**What the task asks**
From the line holding "Mito ou verdade: Equipes" through the line holding "1960 Moto Guzzi GTV 500 74699" below, write out every line exactly; include both of those lines and drop the pictures.

**Input material**
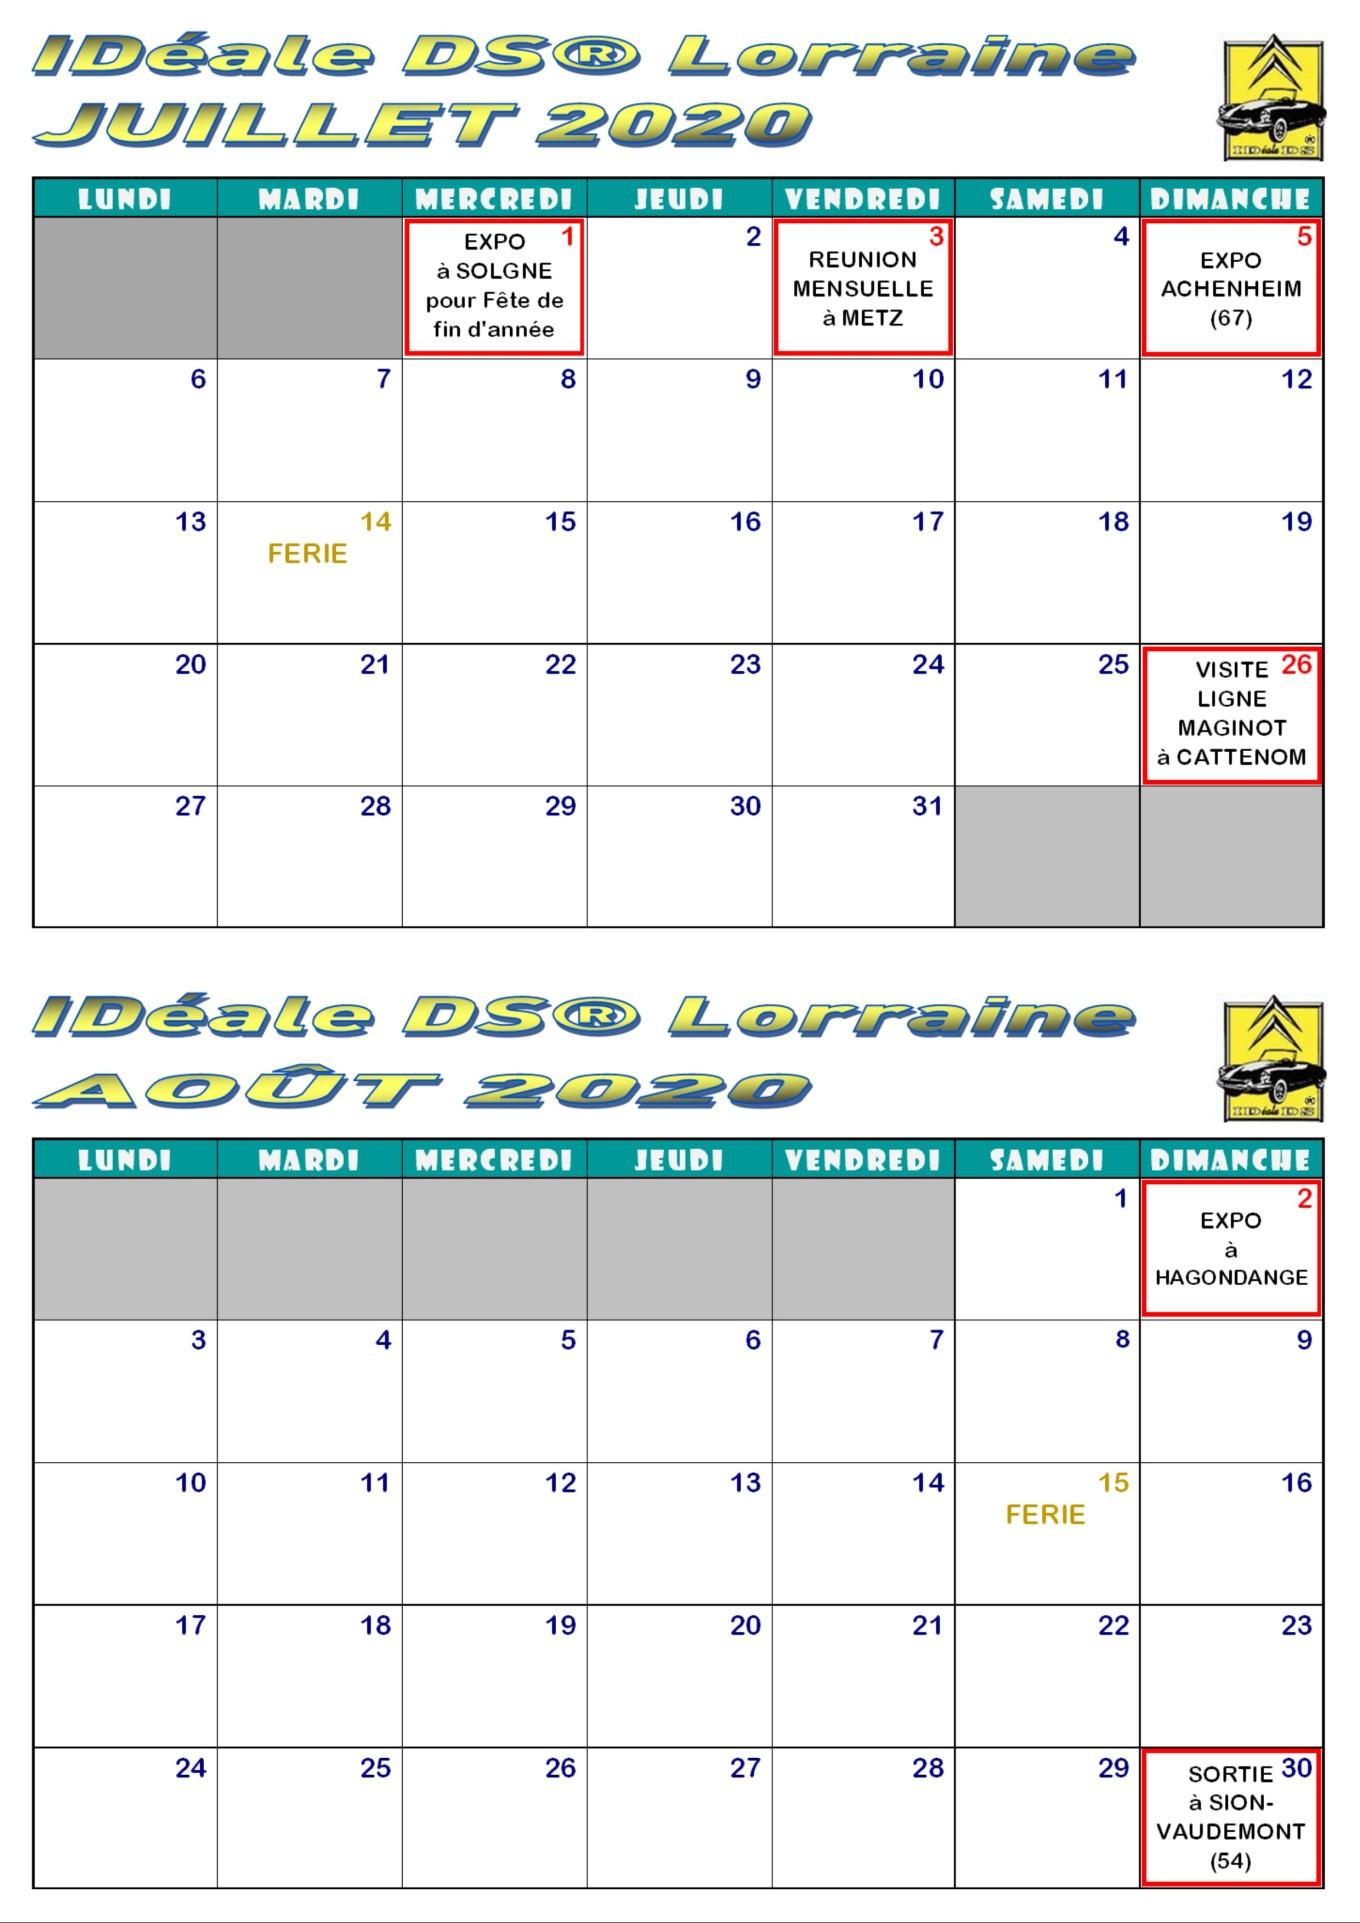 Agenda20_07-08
--
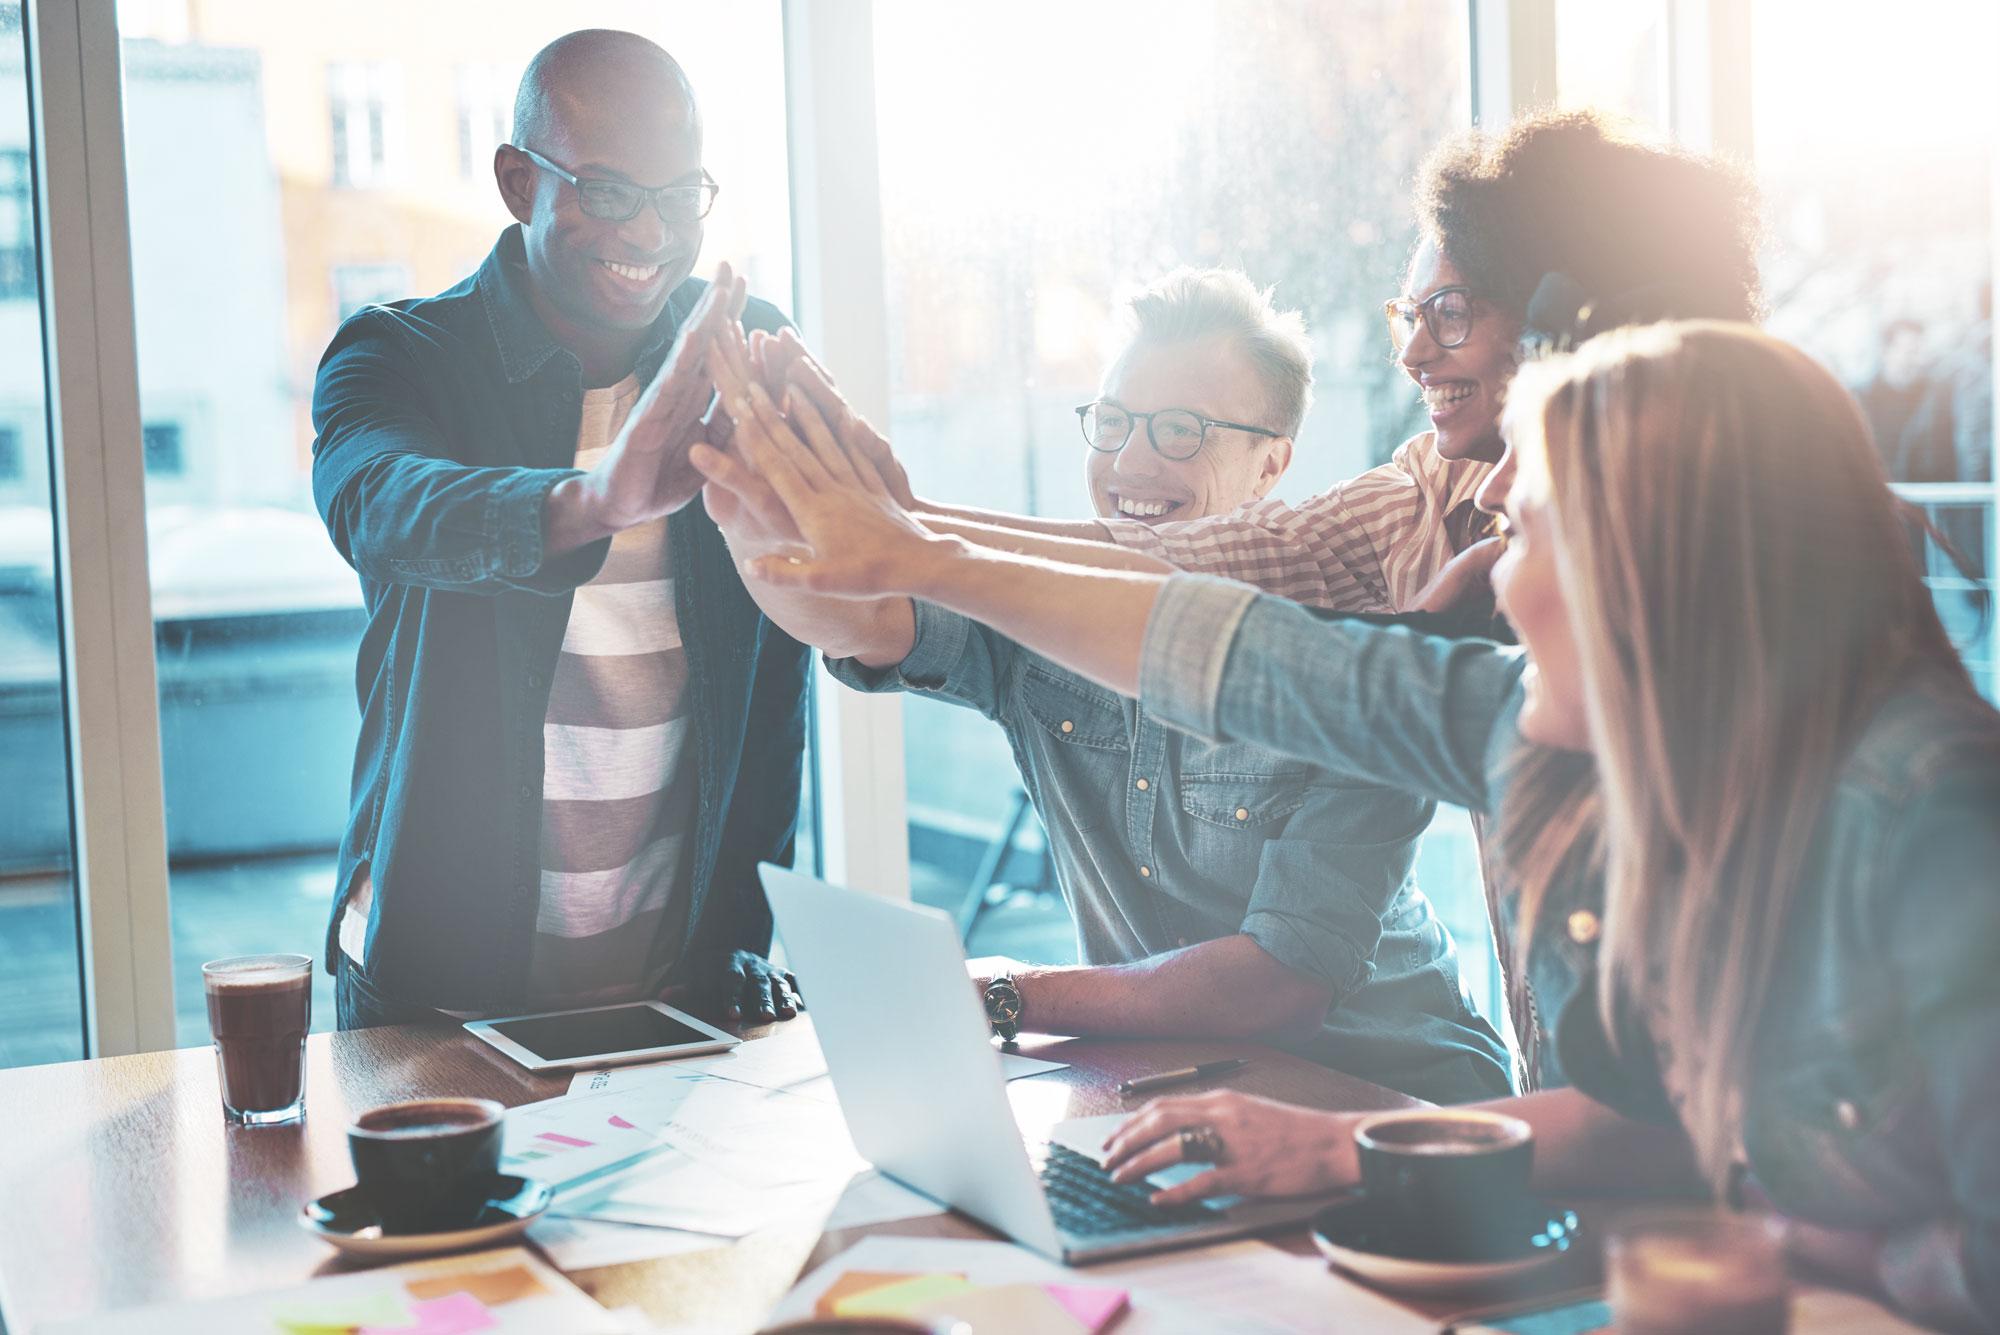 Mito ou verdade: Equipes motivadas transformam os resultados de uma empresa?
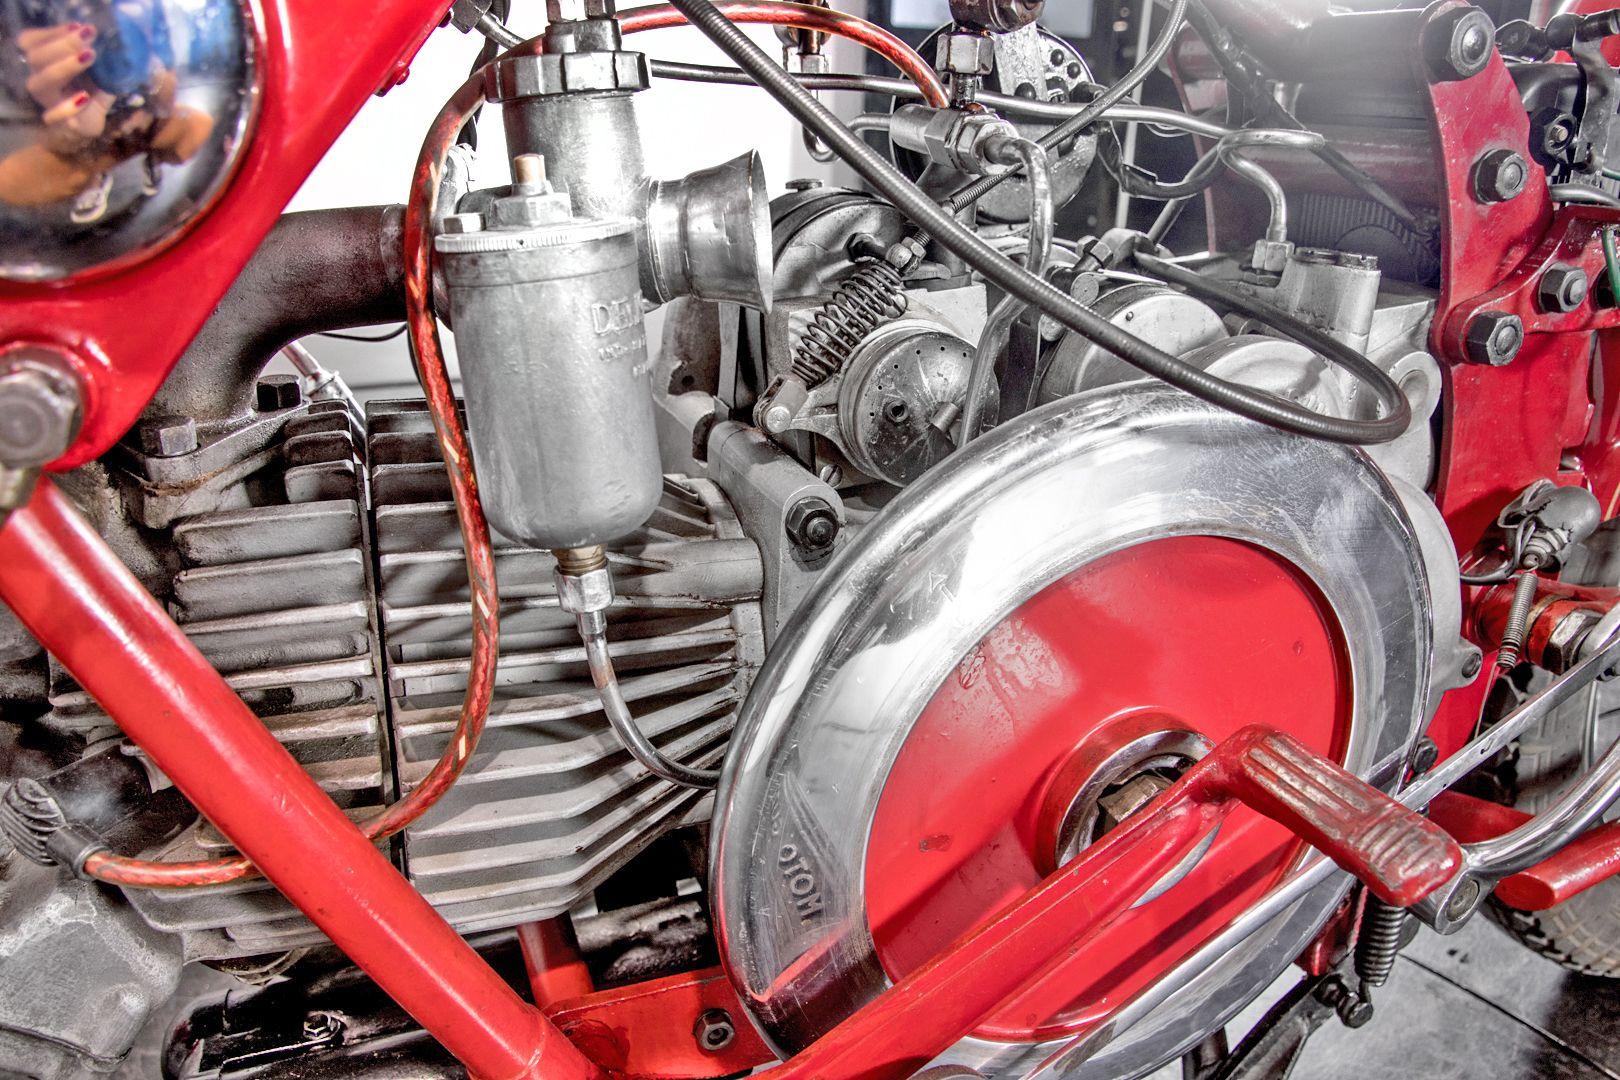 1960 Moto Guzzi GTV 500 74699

**Response below**
 Mito ou verdade: Equipes motivadas transformam os resultados de uma empresa?
 1960 Moto Guzzi GTV 500 74699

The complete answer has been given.